S. Messa solenne per la Festa del patrono S. Michele Arcangelo
(Mestre – Duomo S. Lorenzo, 29 settembre 2020)
Omelia del Patriarca Francesco Moraglia
Innanzitutto rivolgo un saluto e un ringraziamento al parroco mons. Gianni Bernardi che ci ha introdotti bene, con le sue parole iniziali, a questo momento importante di preghiera; il credente sa che tante cose il Signore le delega agli uomini e tante altre alla preghiera degli uomini.
Mi unisco ai saluti rivolti alle autorità, in modo particolare al Sindaco. In Lei vediamo la nostra città; non è qui, infatti, come persona fisica ma come colui che rappresenta l’istituzione. E soprattutto in questi mesi – come ebbi modo di dire anche tempo fa, nella Bsilica del Santo a Padova, parlando agli amministratori locali – noi cittadini guardiamo con fiducia alle persone che sono chiamate a decidere; vogliamo però che decidiate e che ci aiutiate. Da parte nostra, assicuriamo tutta la collaborazione ed anche la preghiera perché crediamo che chi è chiamato a guidare gli altri abbia bisogno del sostegno di molta preghiera.

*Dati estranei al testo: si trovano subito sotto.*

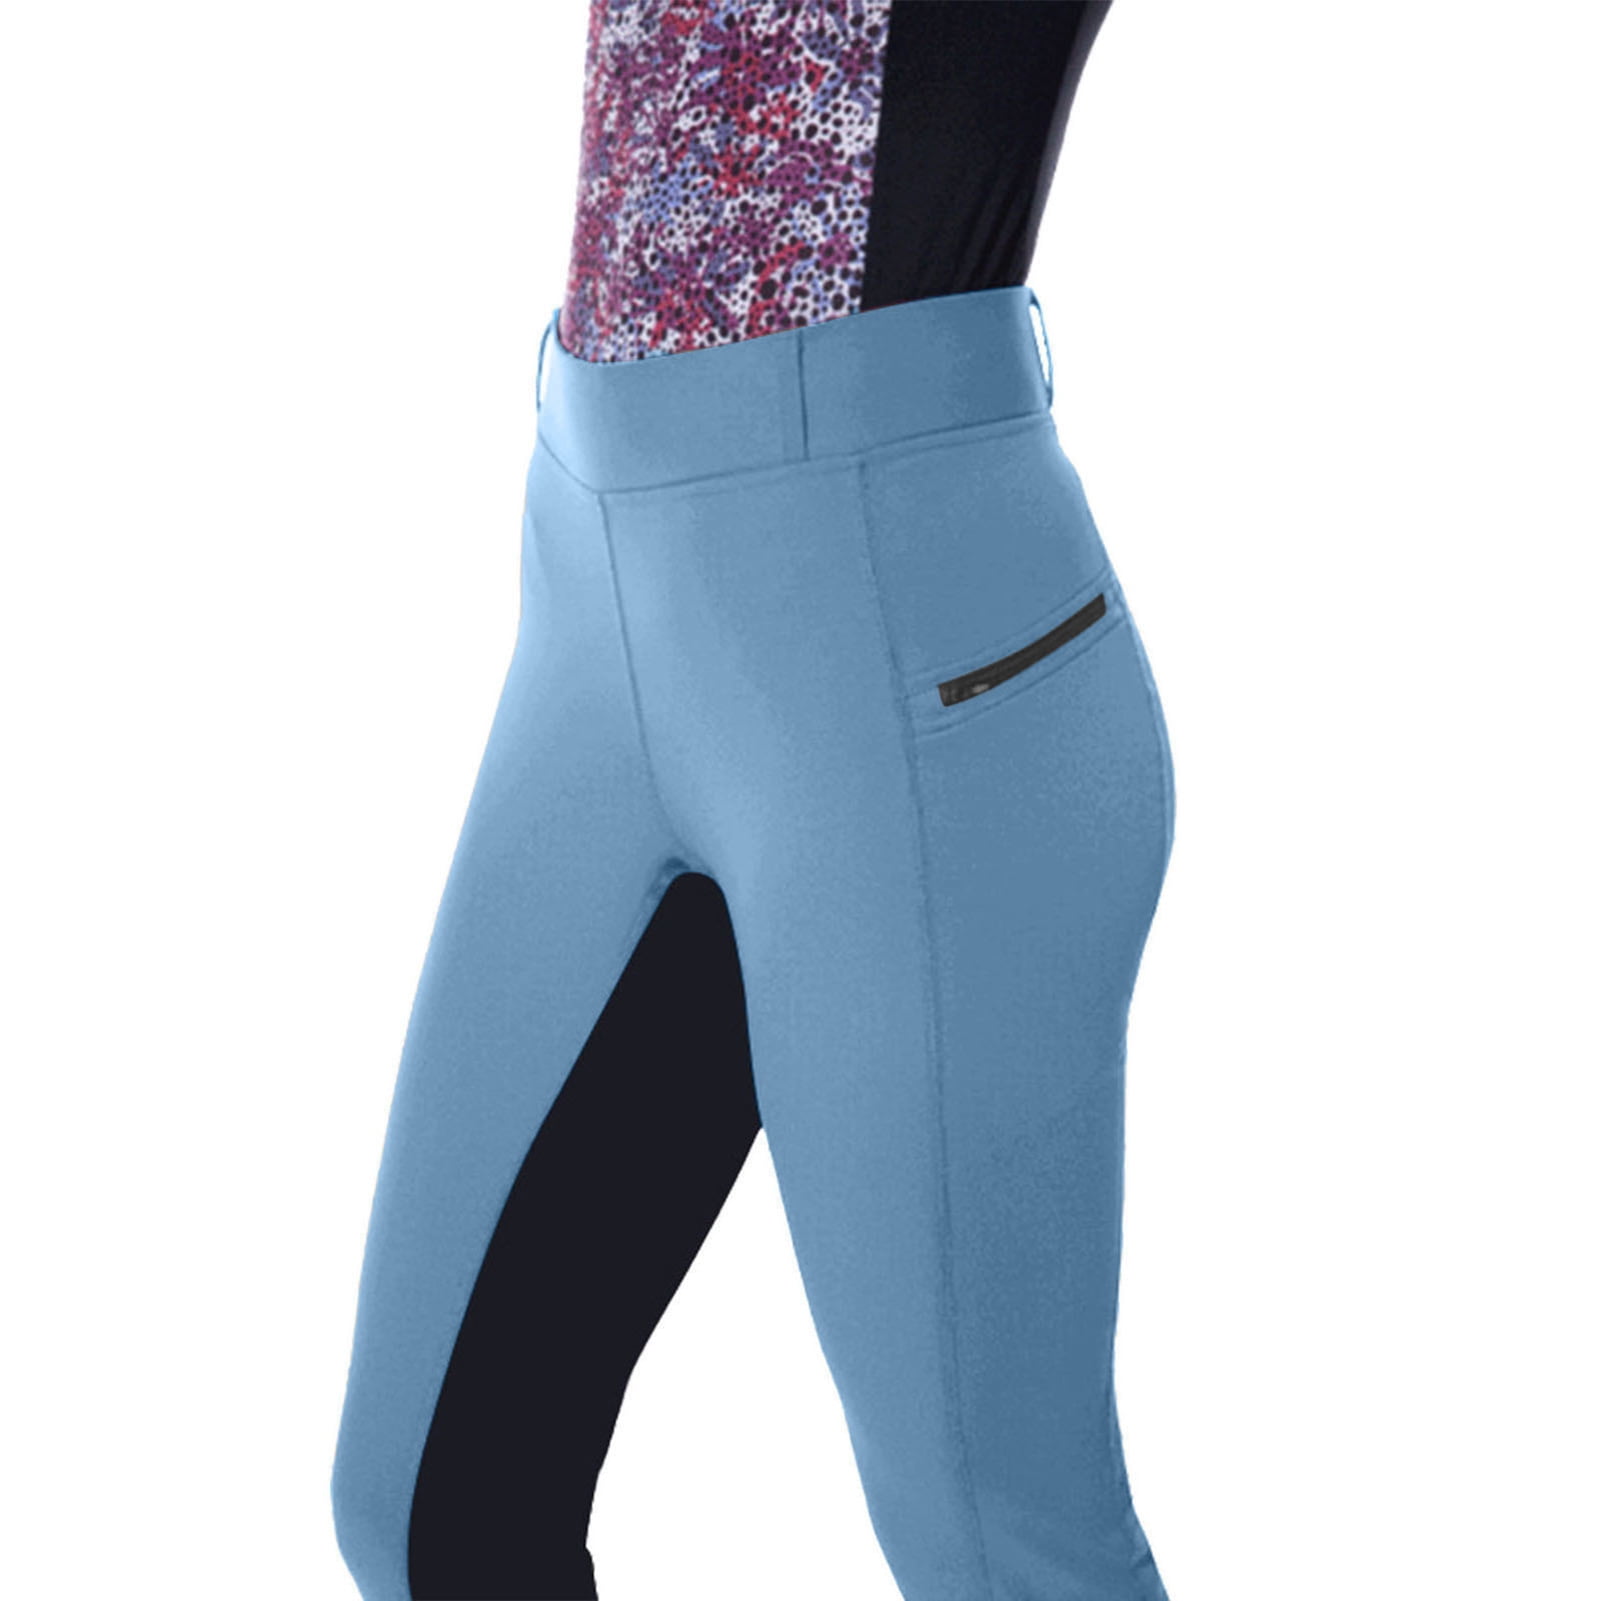 Womens Slim Fit Horse Riding Ladies Fleece Lined Leggings For Fitness And  Equestrian Riding Skinny Trouser For Horse Riders, Plus Size Available  LJ201130 From Kong04, $22.85

Un saluto, poi, va al Questore e in lui ringrazio gli uomini e le donne della Polizia di Stato che compiono un servizio quotidiano molto importante.
Carissimi fedeli,
avere per patrono un Arcangelo come san Michele è sempre, e insieme, dono da accogliere e responsabilità da assumere. È, quindi, bello e significativo che almeno una parte / una rappresentanza della comunità ecclesiale e civile della città di Mestre si ritrovi fisicamente, in questo Duomo, per celebrare l’Eucaristia – l’incontro con il Signore Risorto che rimane atto solenne e sommo bene della Chiesa – per invocarne, ad una sola voce e cuore unanime, l’intercessione e la protezione.
Non dobbiamo mai dare per scontata l’Eucaristia che è il gesto umile e il grandioso “evento” che ci ha salvati e continua a richiamarci all’Essenziale, ossia il Signore Gesù. Nei mesi scorsi, per un lungo periodo, celebrare l’Eucaristia col popolo non è stato possibile e queste stesse impalcature che avvolgono il Duomo di S. Lorenzo – per consentire gli importanti e necessari lavori di consolidamento e restauro – sembrano essere qui per ricordarci come fragilità e “provvisorietà” facciano parte integrante della vita umana e nulla o quasi può essere mai dato per acquisito per sempre; nessuna garanzia umana ci può, infatti, tutelare e “assicurare” fino in fondo.
Nella preghiera di Colletta – con cui abbiamo aperto questa celebrazione – ci è stato ricordato che gli angeli (e, quindi, il nostro Arcangelo Michele) stanno davanti a Dio per servirlo e contemplare la gloria del Suo volto per trasmetterla a noi uomini; noi abbiamo bisogno di riscoprire la gloria di Dio perché l’uomo è immagine di Dio e dobbiamo allora riscoprire quella gloria dell’uomo che si chiama rispetto: per ogni uomo, per qualsiasi uomo, non perché rappresenta qualcosa o ci può dare qualcosa ma, semplicemente, perché è un uomo.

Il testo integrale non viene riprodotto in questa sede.